BEGIN Provided data

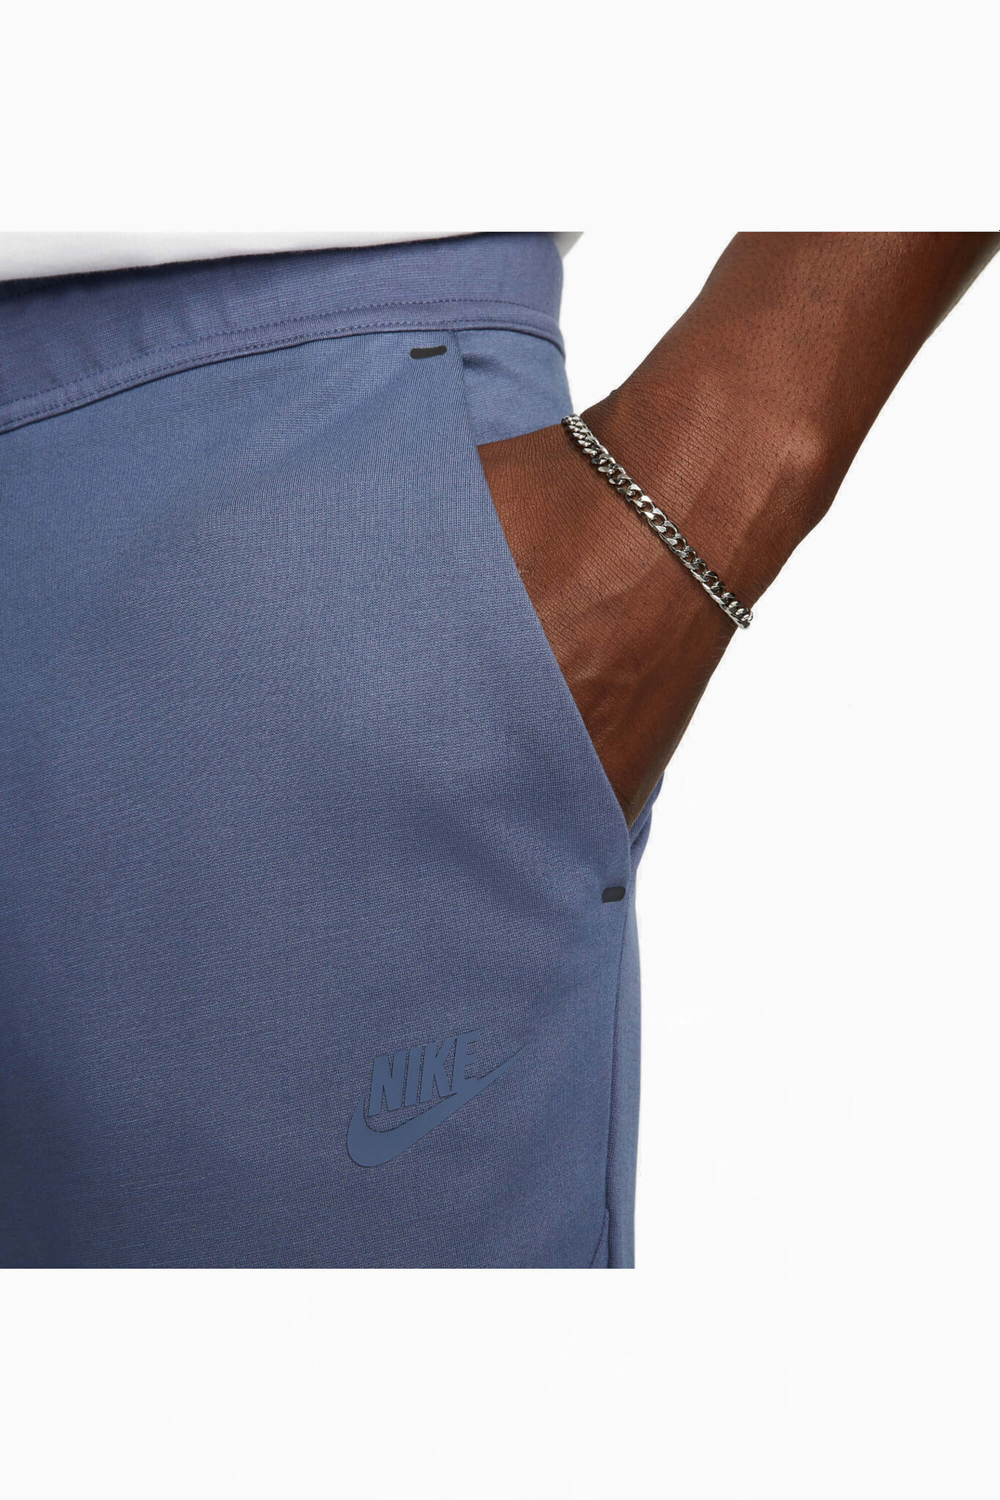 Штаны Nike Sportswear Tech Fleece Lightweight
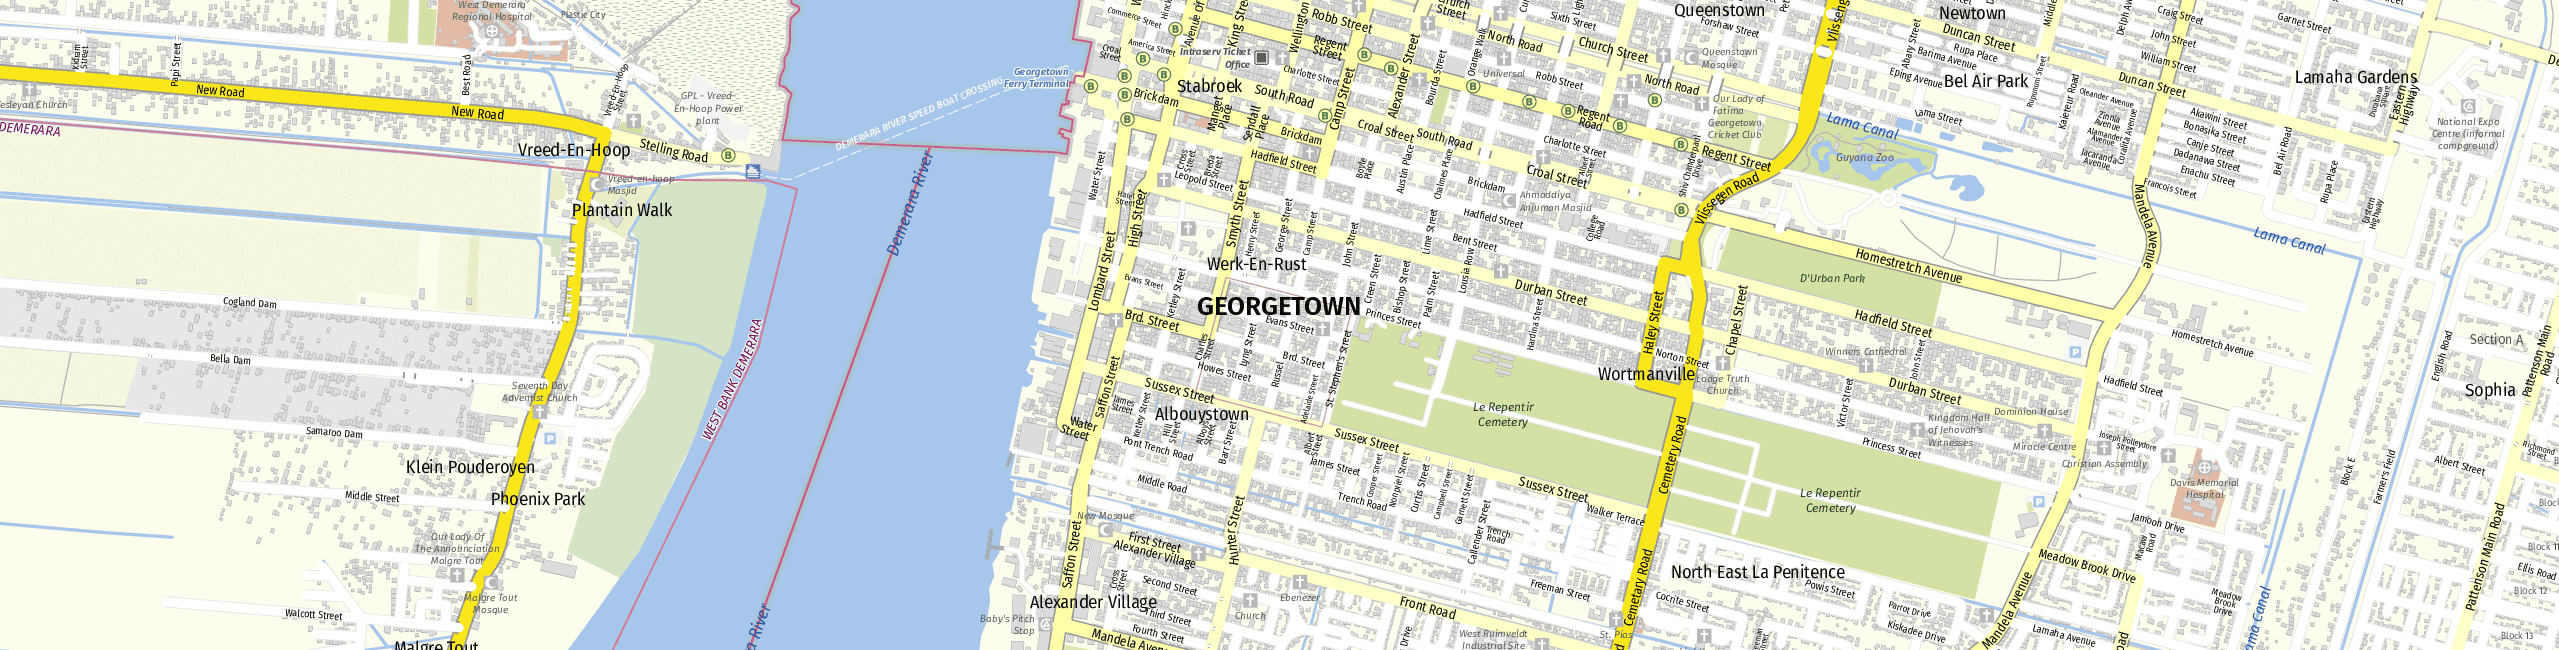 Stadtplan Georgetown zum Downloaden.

END Provided data
BEGIN Provided data

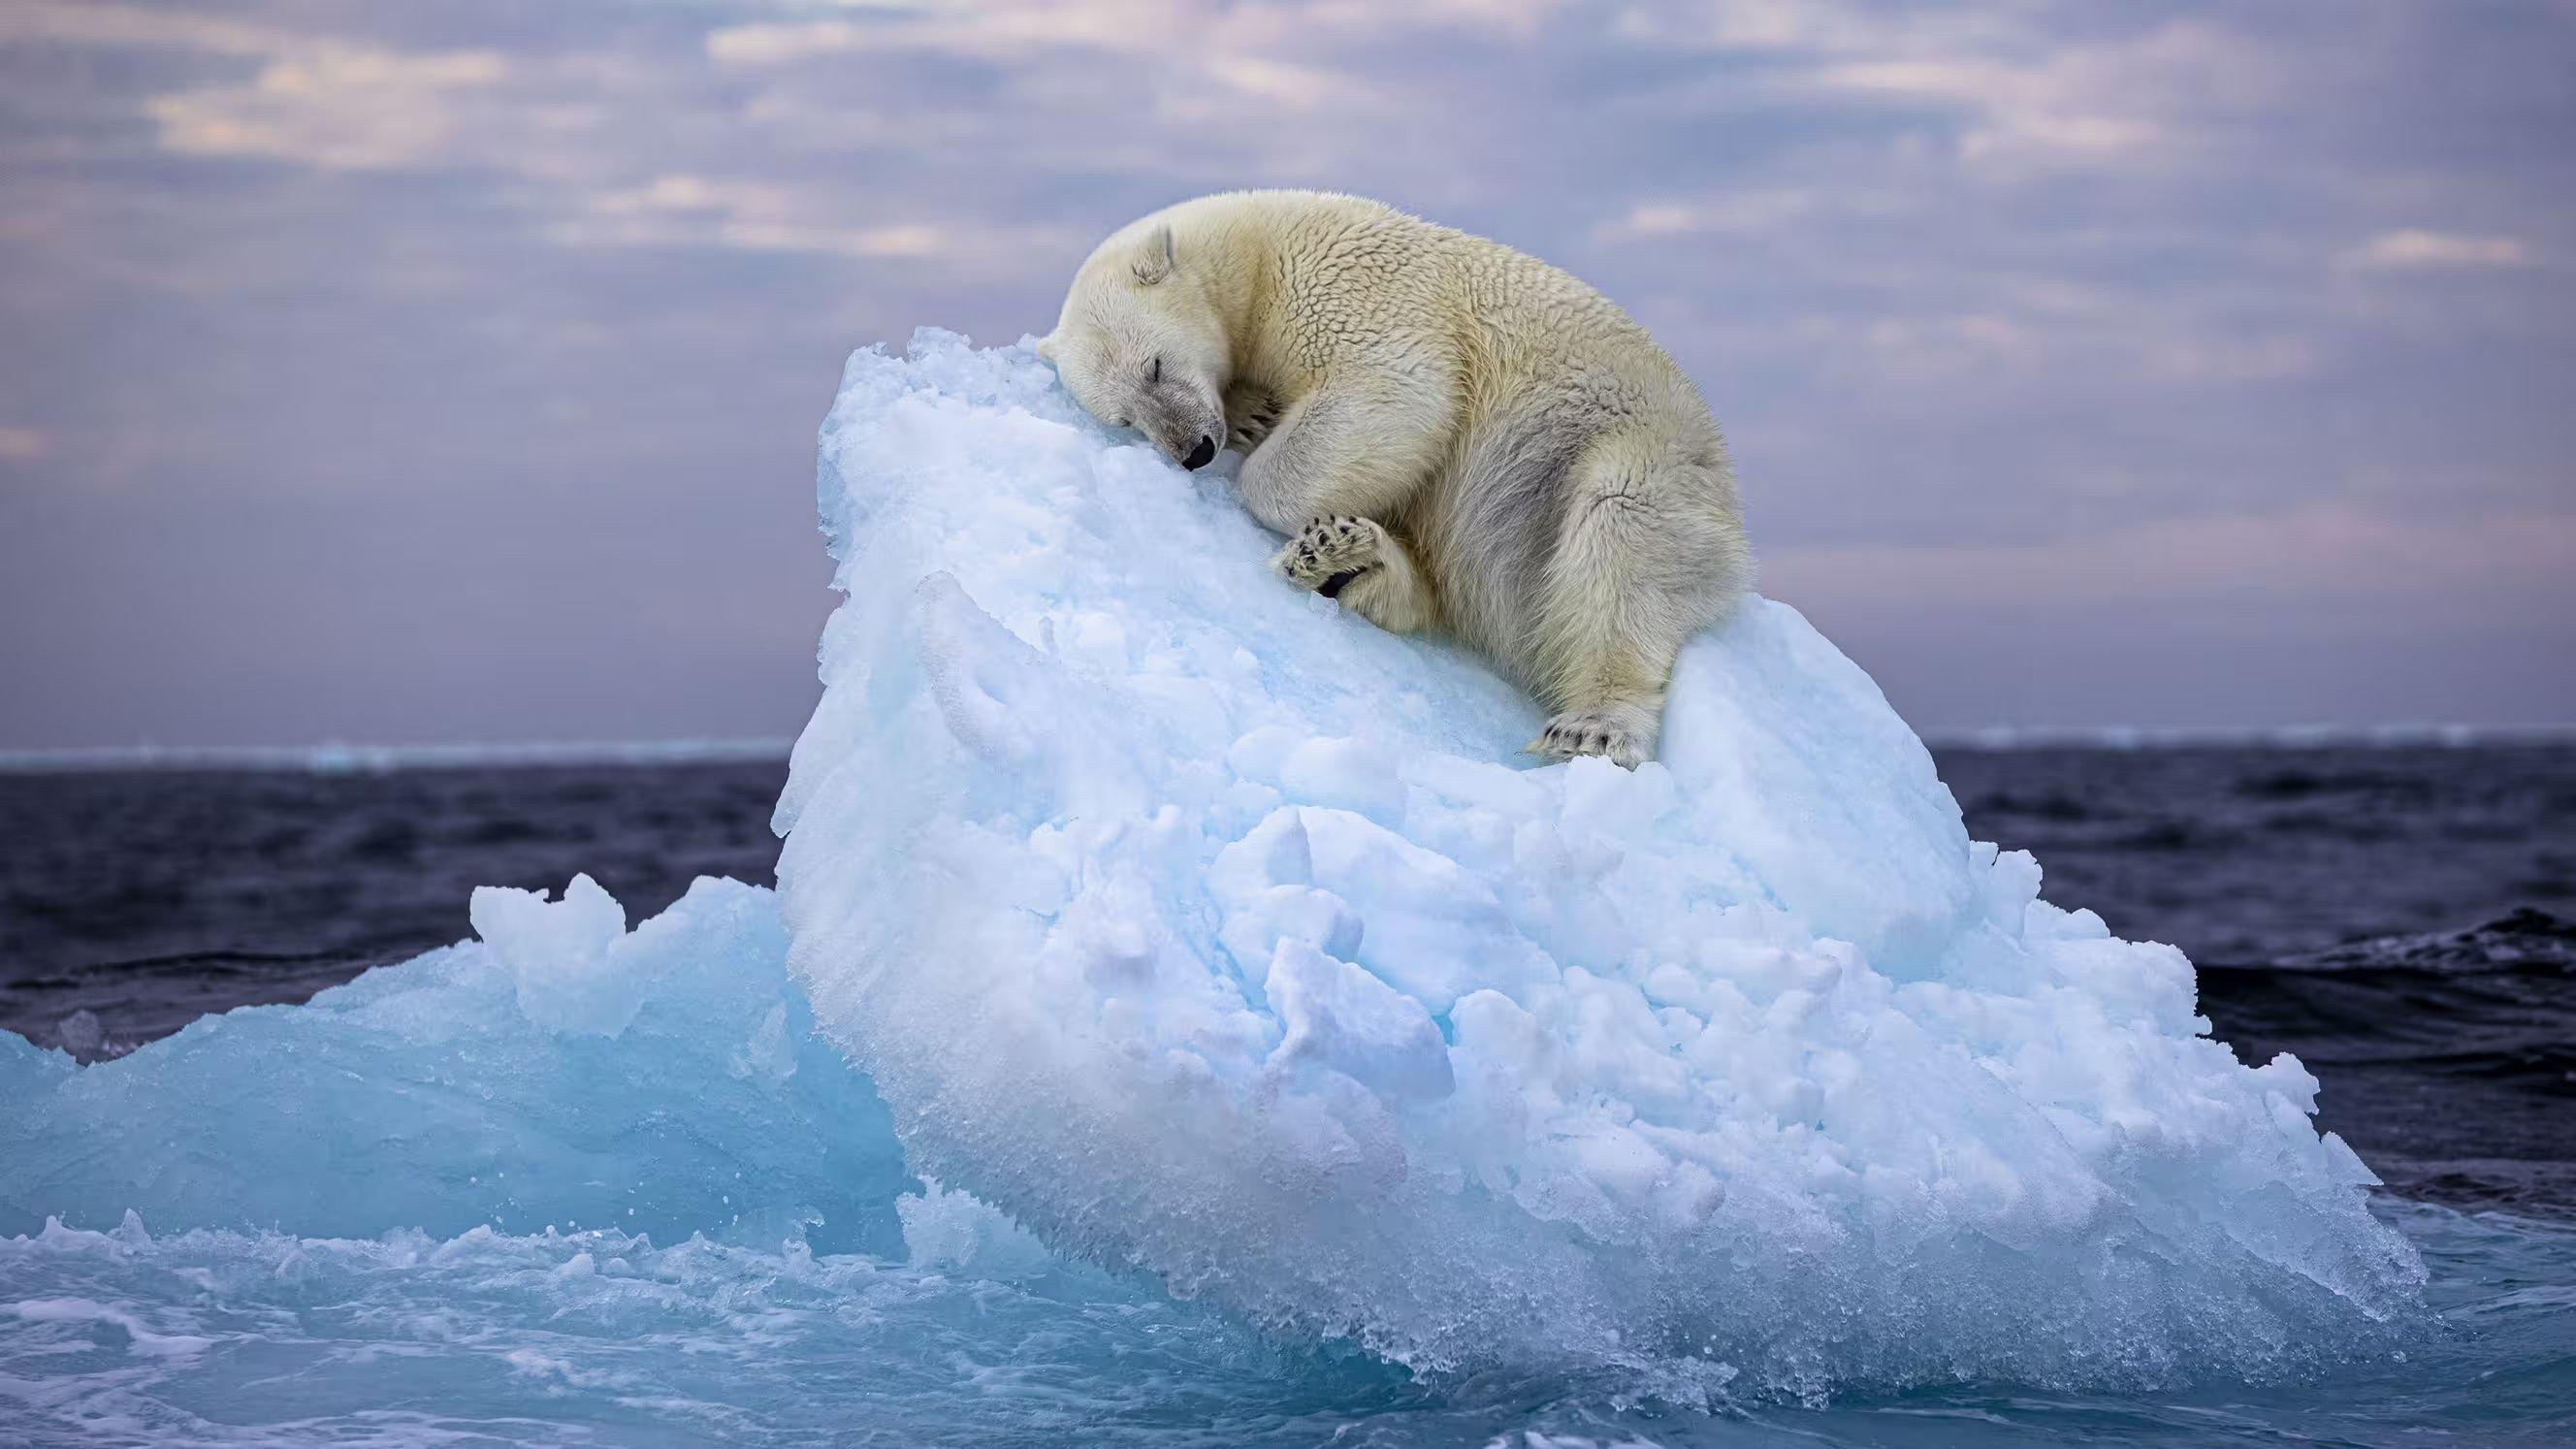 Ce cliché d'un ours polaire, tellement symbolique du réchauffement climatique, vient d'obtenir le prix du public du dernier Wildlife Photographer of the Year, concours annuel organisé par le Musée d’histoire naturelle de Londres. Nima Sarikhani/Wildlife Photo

END Provided data

Using the data above, give again exactly the lines starting at the one holding "Штаны Nike Sportswear" and ending at the one holding "Stadtplan Georgetown zum Downloaden.", inclusive, and nothing more. Omit the pictures.

 Штаны Nike Sportswear Tech Fleece Lightweight
 Stadtplan Georgetown zum Downloaden.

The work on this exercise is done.